Low action, medium-high string tension is how I roll.


----------



## infernalservice (Jun 24, 2011)

I go on a guitar by guitar basis. SOme guitars seem to play better with slightly higher action. I feel the same way about neck relief too. I used to run everything super low with also flat relief, but I have found as a matured as a player I ended up raising the action and running a tiny bit more relief. I get better intonation, bending ability, and the feel isn't all that different.

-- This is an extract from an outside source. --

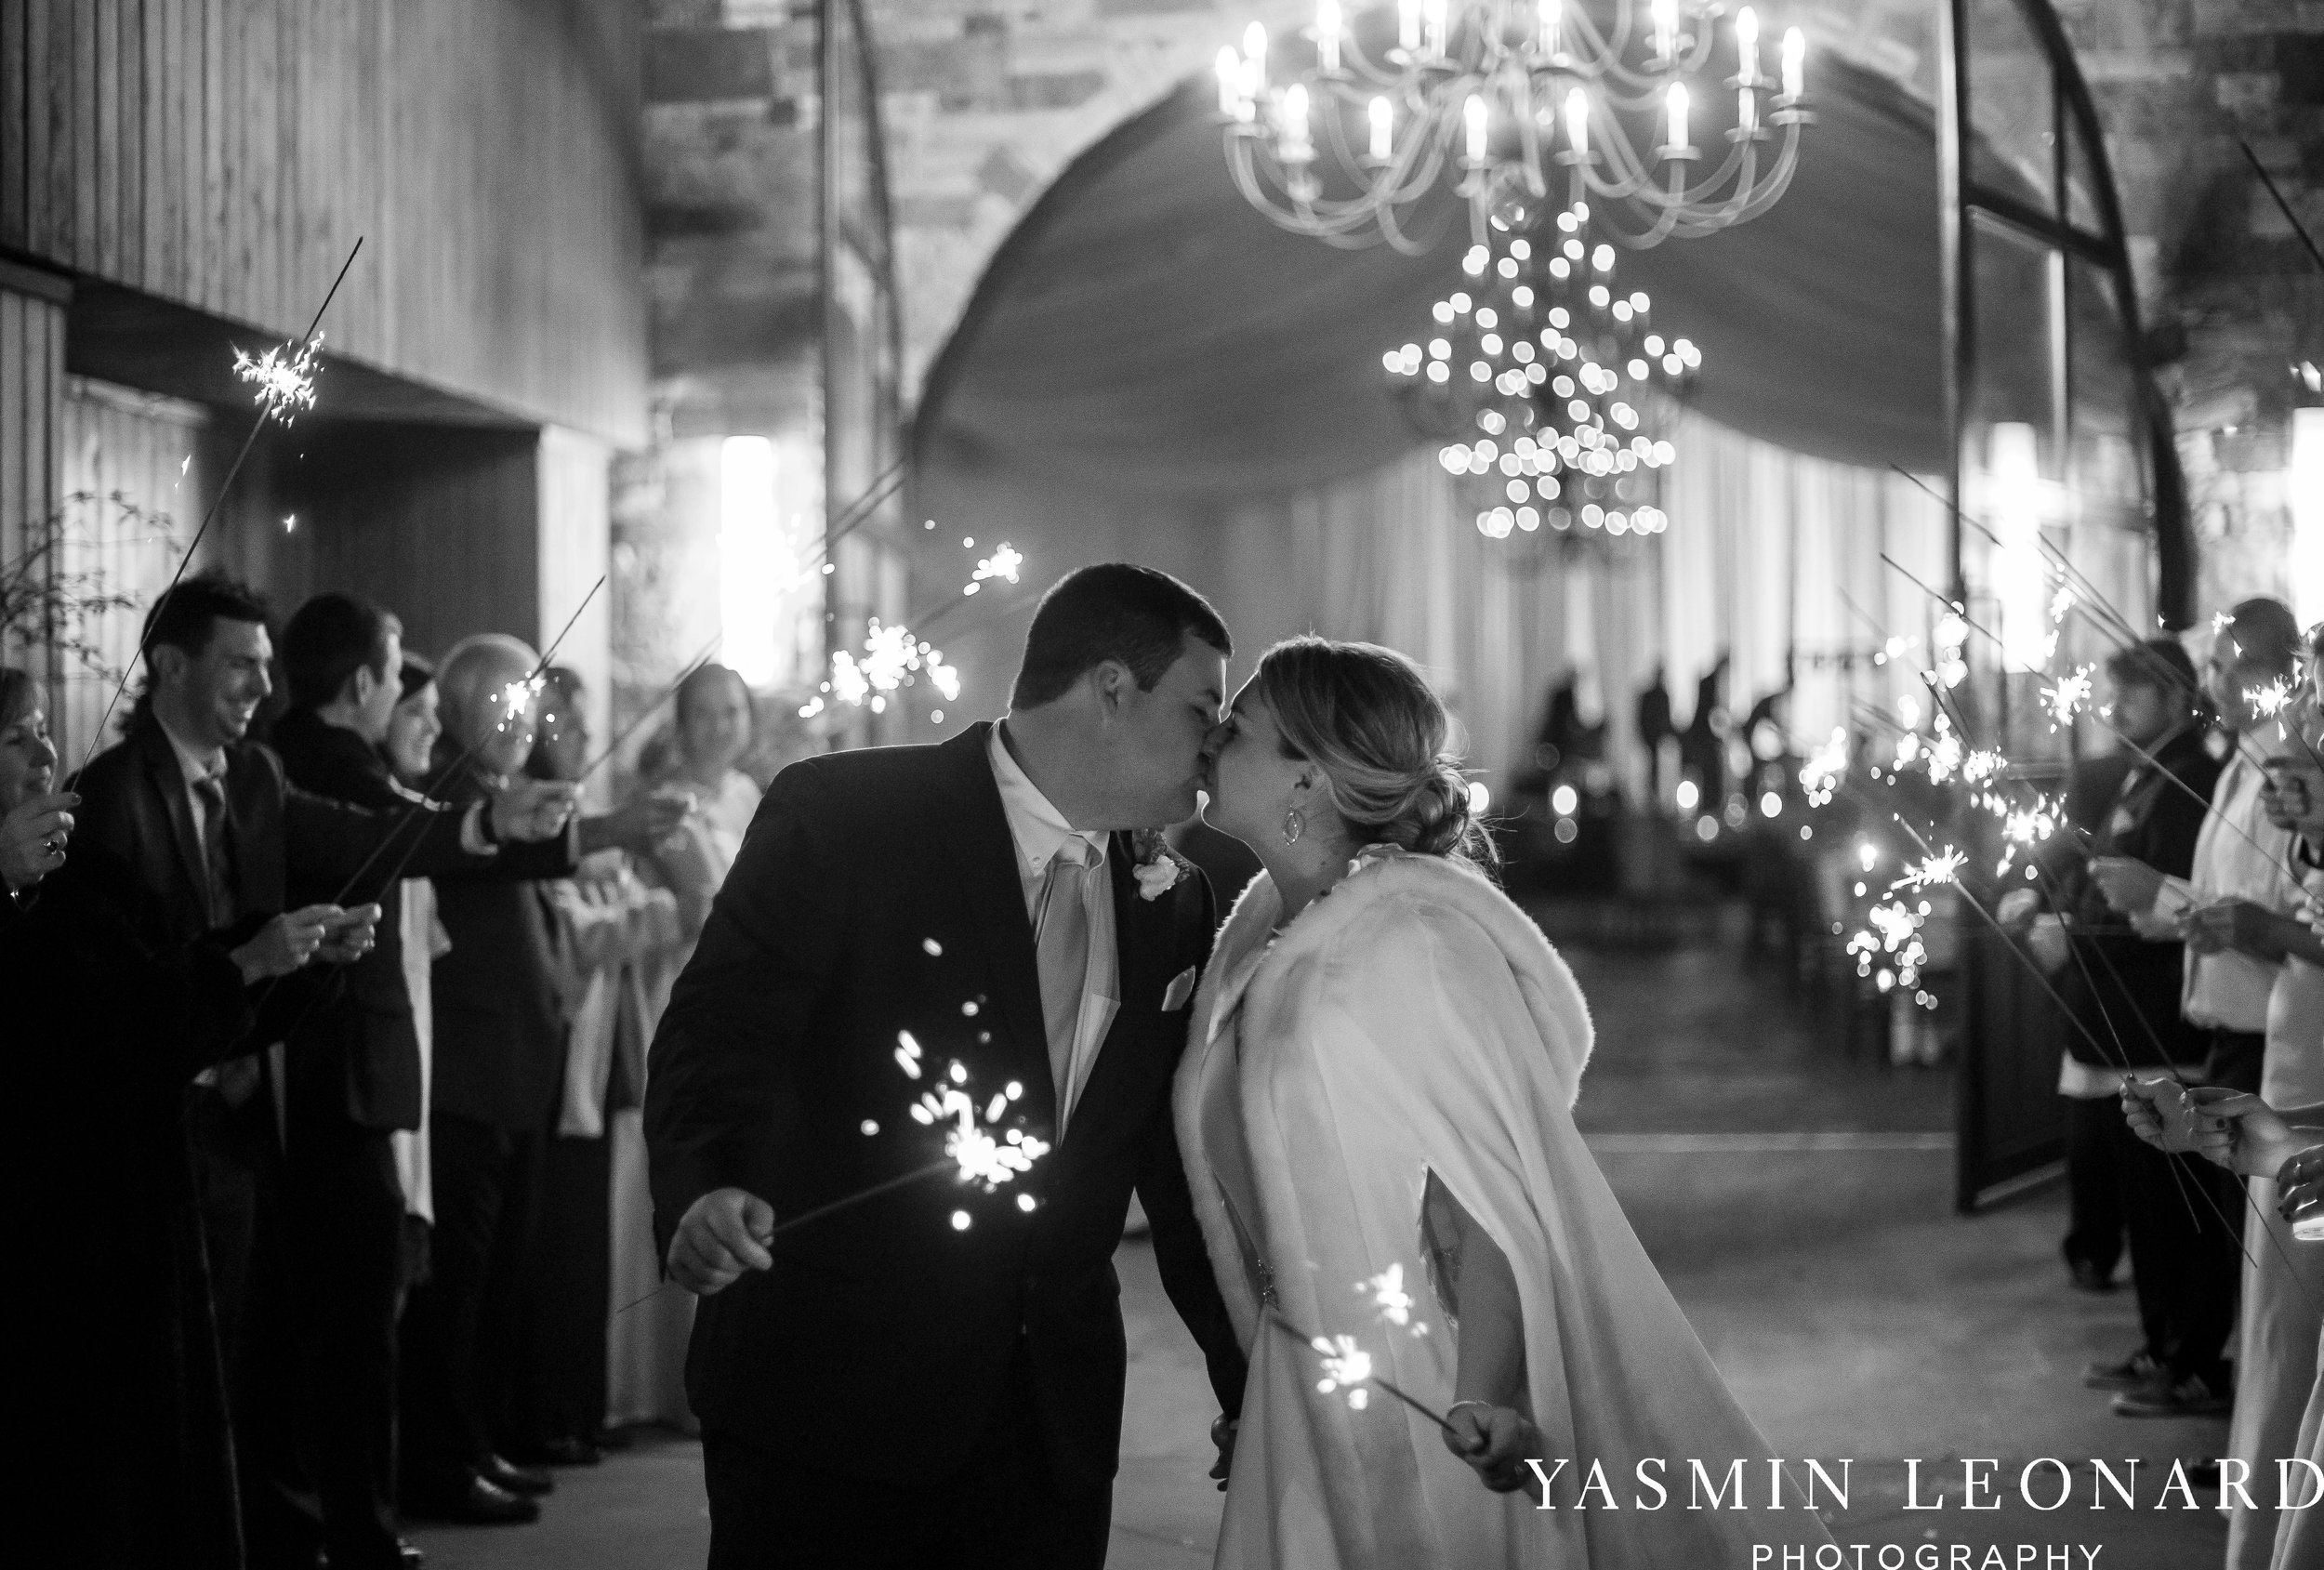 Adaumont Farm - Wesley Memorial Weddings - High Point Weddings - Just Priceless - NC Wedding Photographer - Yasmin Leonard Photography - High Point Wedding Vendors-80.jpg

I think some techniques benefit from higher action, besides obvious stuff like slide guitar, think about sweep picking. It sounds cleaner with higher action and heavier strings to me. I thin its because it makes you use less finger pressure to release the note right after playing it. YMMV.


----------



## Daken1134 (Jun 25, 2011)

Personally i set up my guitars completely opposite of my basses. my basses i use very light strings (40-125) and i set my action fairly high, especially for live use cause i play EXTREMELY hard live. and it makes me work harder and sounds better, it seems to add a lil low end to my tone, 

Completely unrelated when i was touring with my old band, i had my action set so high and played so hard that my right forearm was almost 2 inches larger in circumfrance than my left..... that was pretty damn funny


----------



## Murmel (Jun 25, 2011)

Daken1134 said:


> Completely unrelated when i was touring with my old band, i had my action set so high and played so hard that my right forearm was almost 2 inches larger in circumfrance than my left..... that was pretty damn funny


I bet everyone thought you were furiously masturbating for hours every day.


----------



## guitarister7321 (Jun 25, 2011)

TemjinStrife said:


> Want!



Yeah! I know what you mean! I've been GASing for one of those for quite some time now.


----------



## Stealthdjentstic (Jun 25, 2011)

As low as possible without buzz then a mmish higher. I find if its too low then it sounds really metallic and choked.


----------



## Explorer (Jun 26, 2011)

Low enough that I get good mwah... but I'm playing fretless....


----------